▶ _The data_:
__________

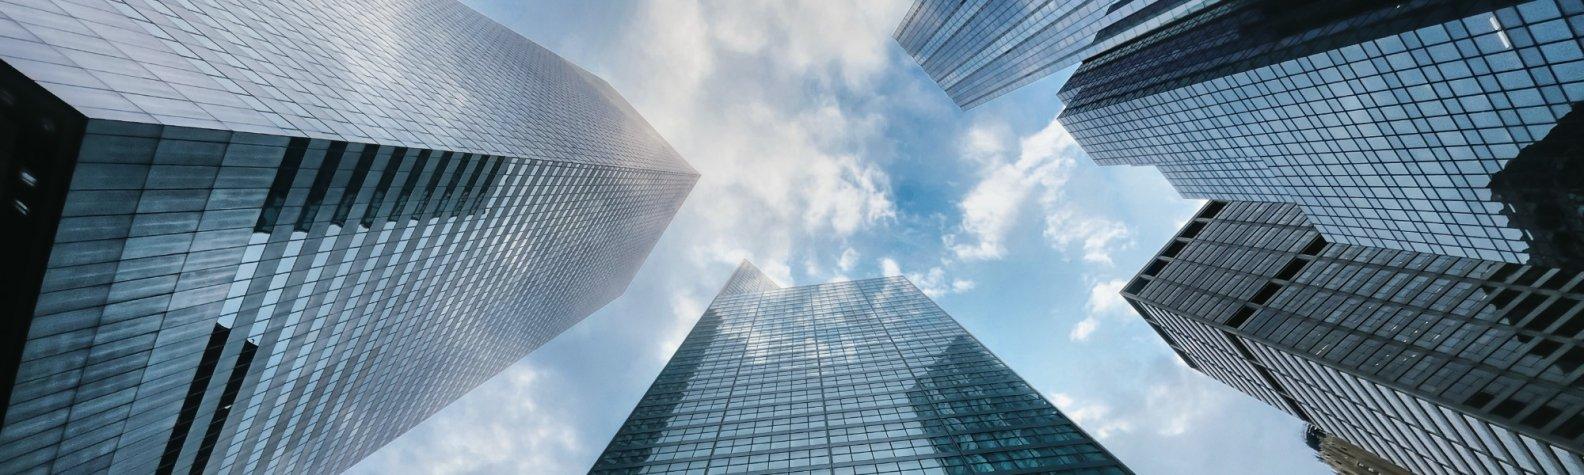 NextNav Pinnacle and Partnerships – Elevating the World
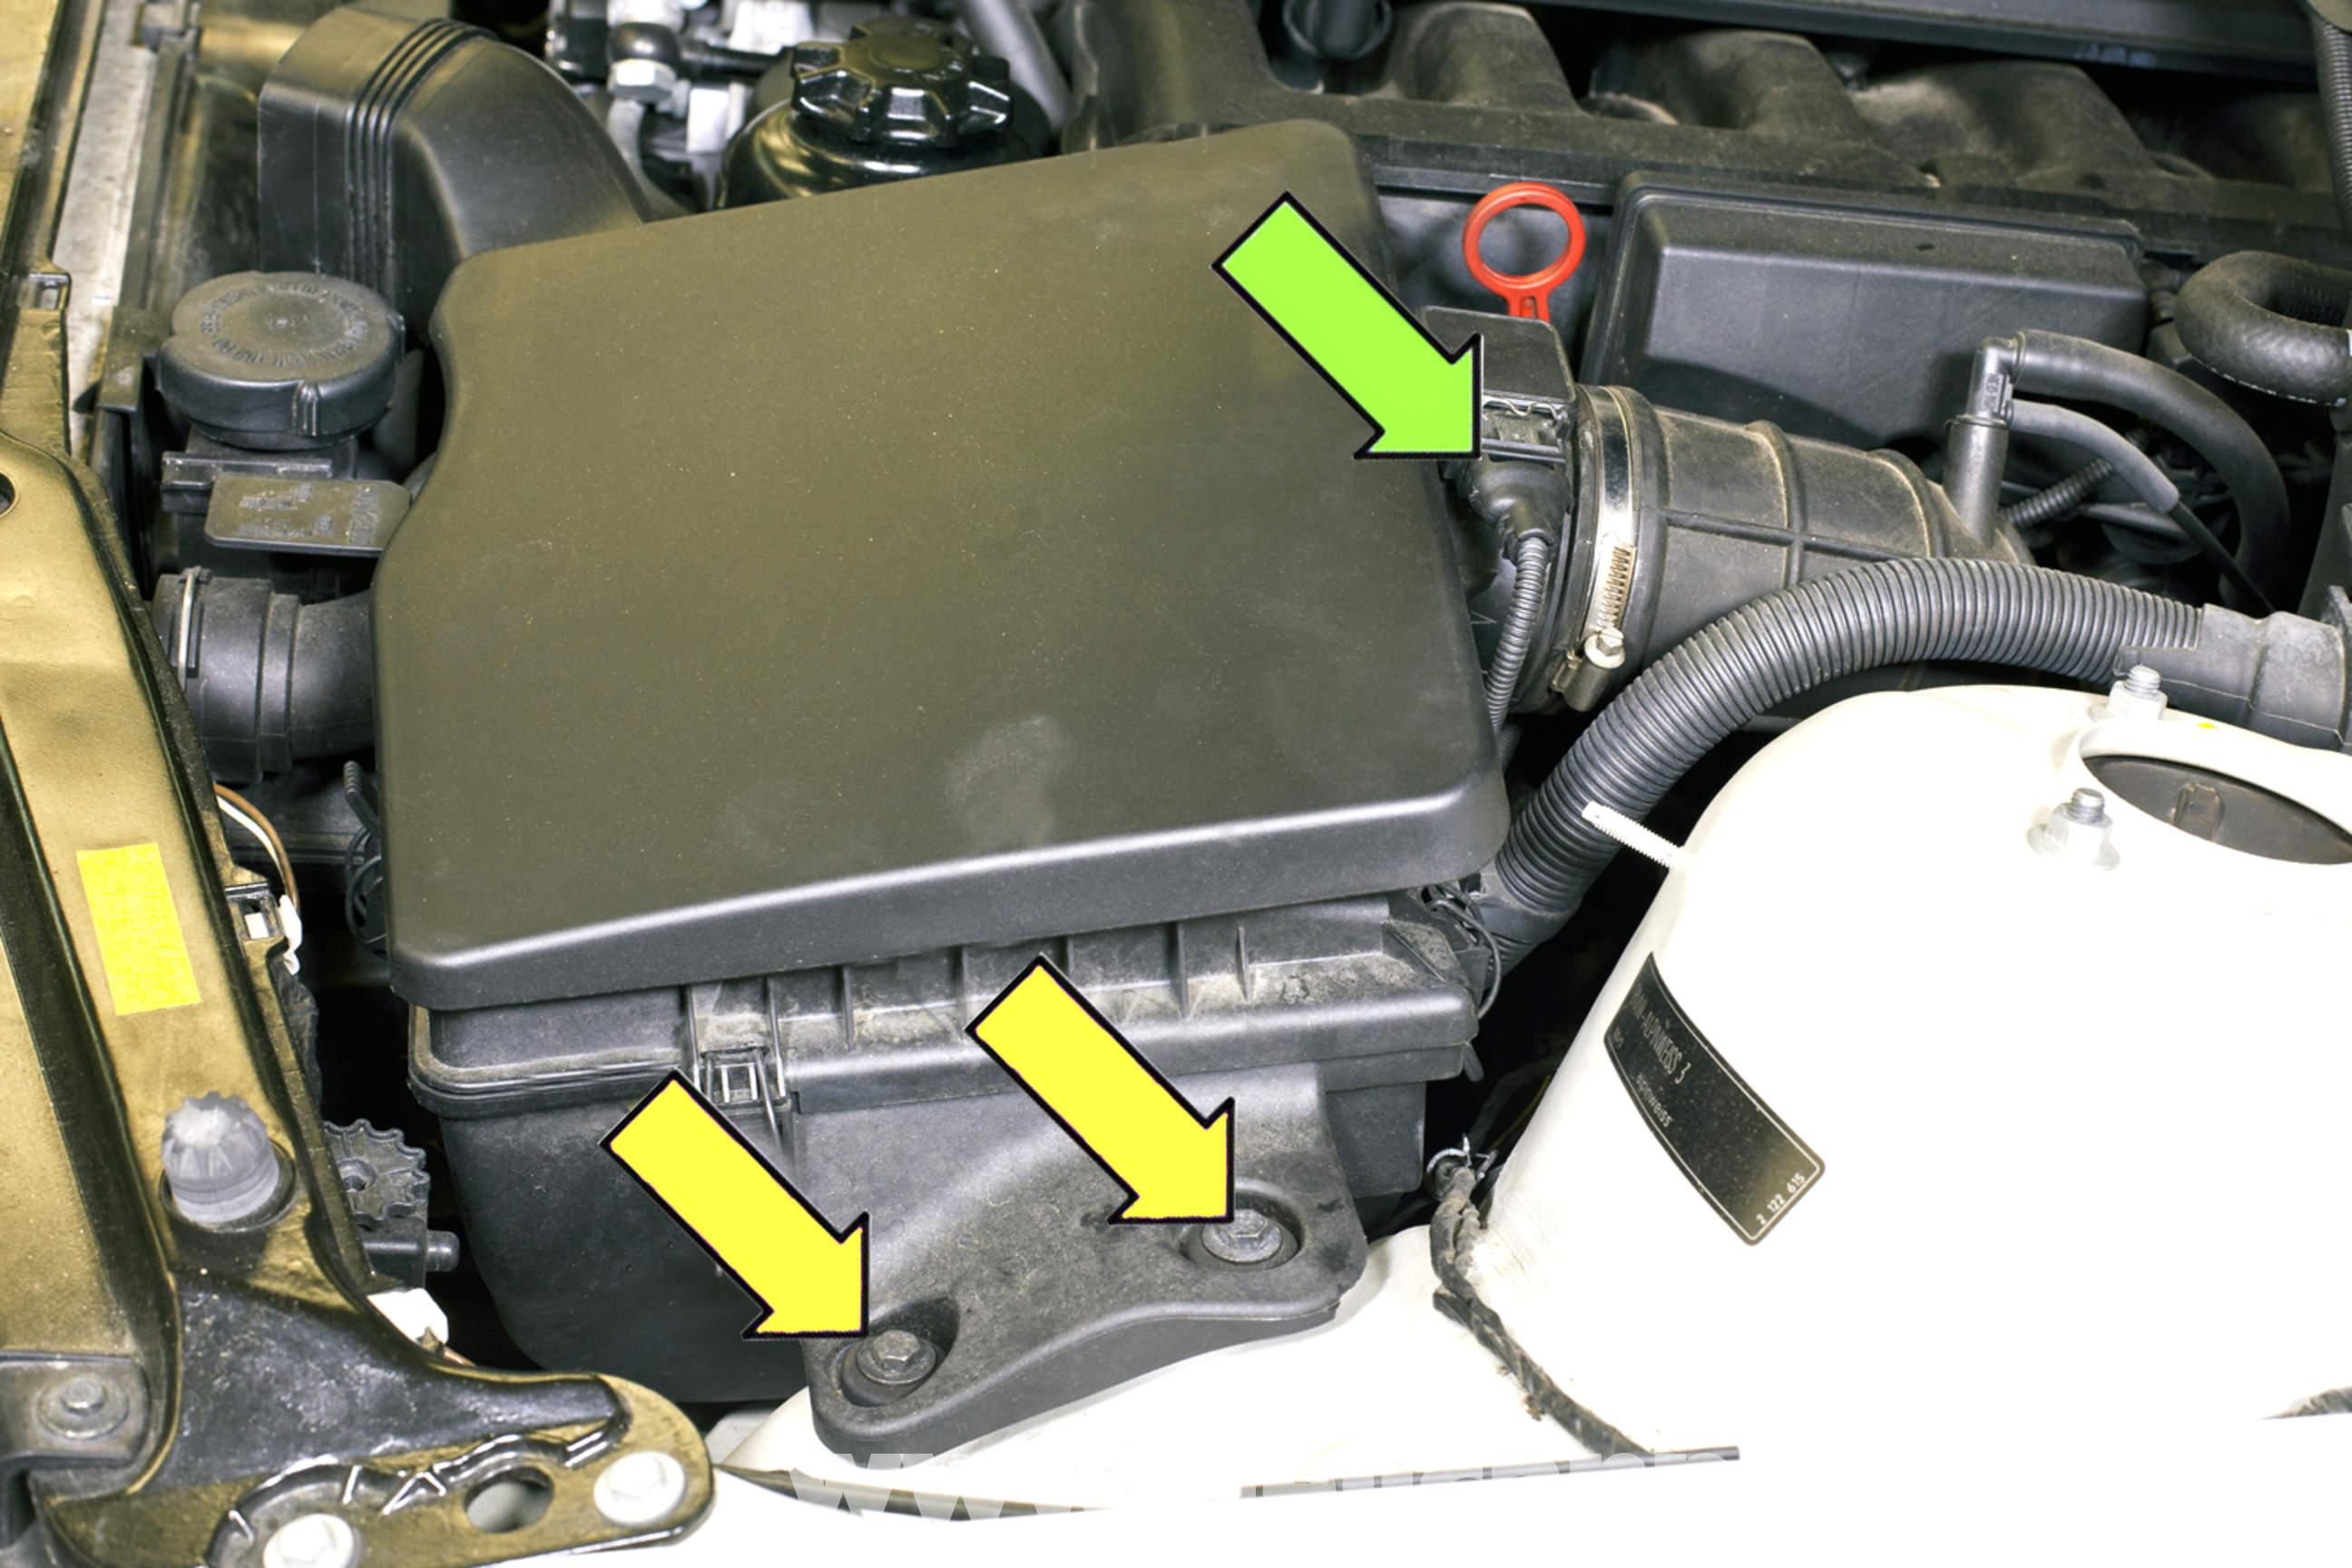 bmw e46 mass air flow replacement bmw 325i  2001 2005 bmw e46 fuel filter change bmw e46 fuel filter change bmw e46 fuel filter change bmw e46 fuel filter change
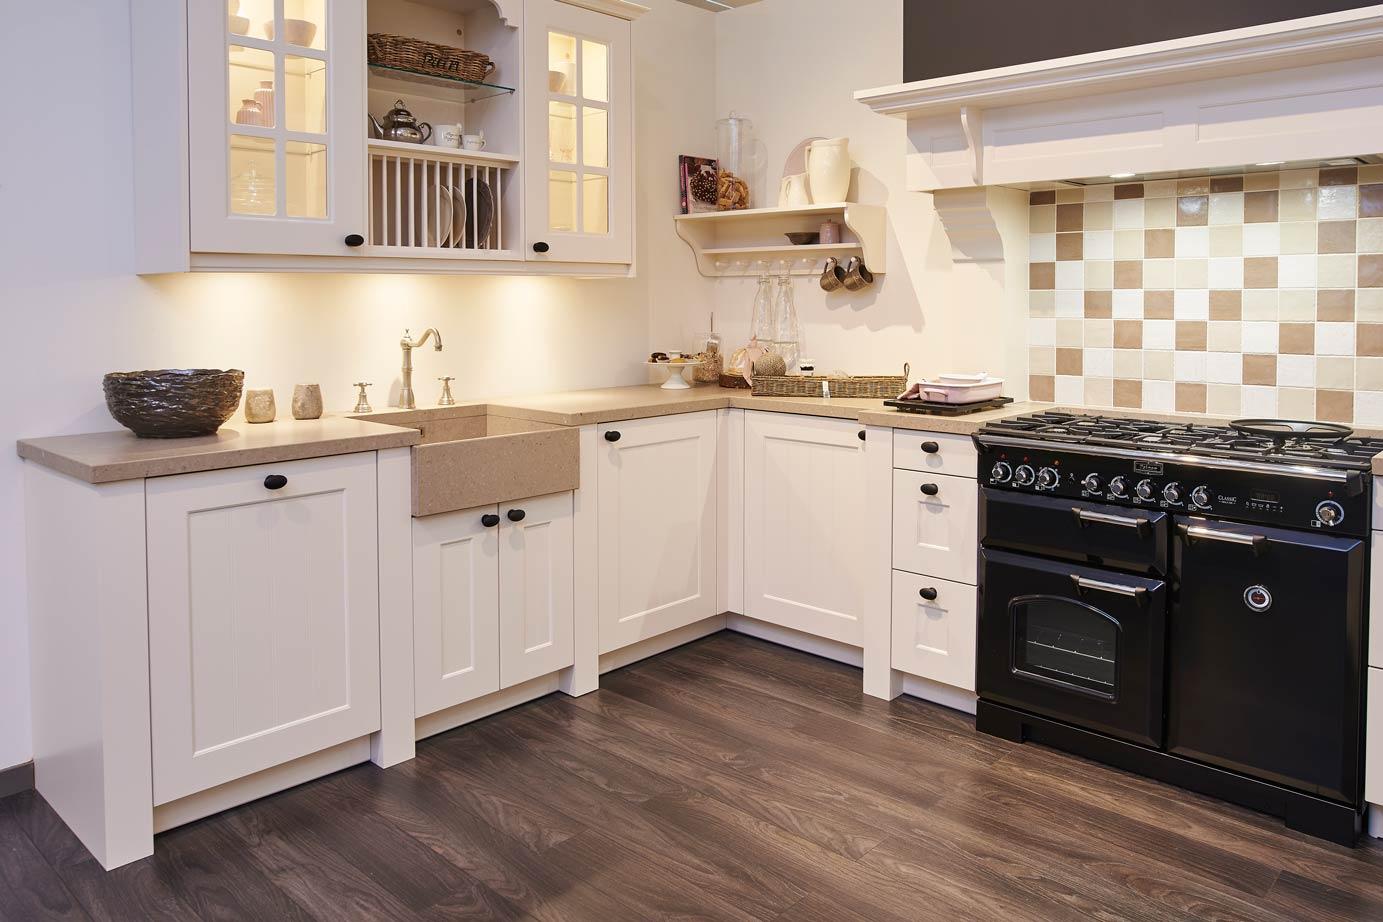 Klassieke keukens beleef de sfeer en rust van vroeger db keukens

__________

Skip the pictures and write out exactly the lines from the line containing "bmw e46 mass" through the end of the listing above.

 bmw e46 mass air flow replacement bmw 325i  2001 2005 bmw e46 fuel filter change bmw e46 fuel filter change bmw e46 fuel filter change bmw e46 fuel filter change
 Klassieke keukens beleef de sfeer en rust van vroeger db keukens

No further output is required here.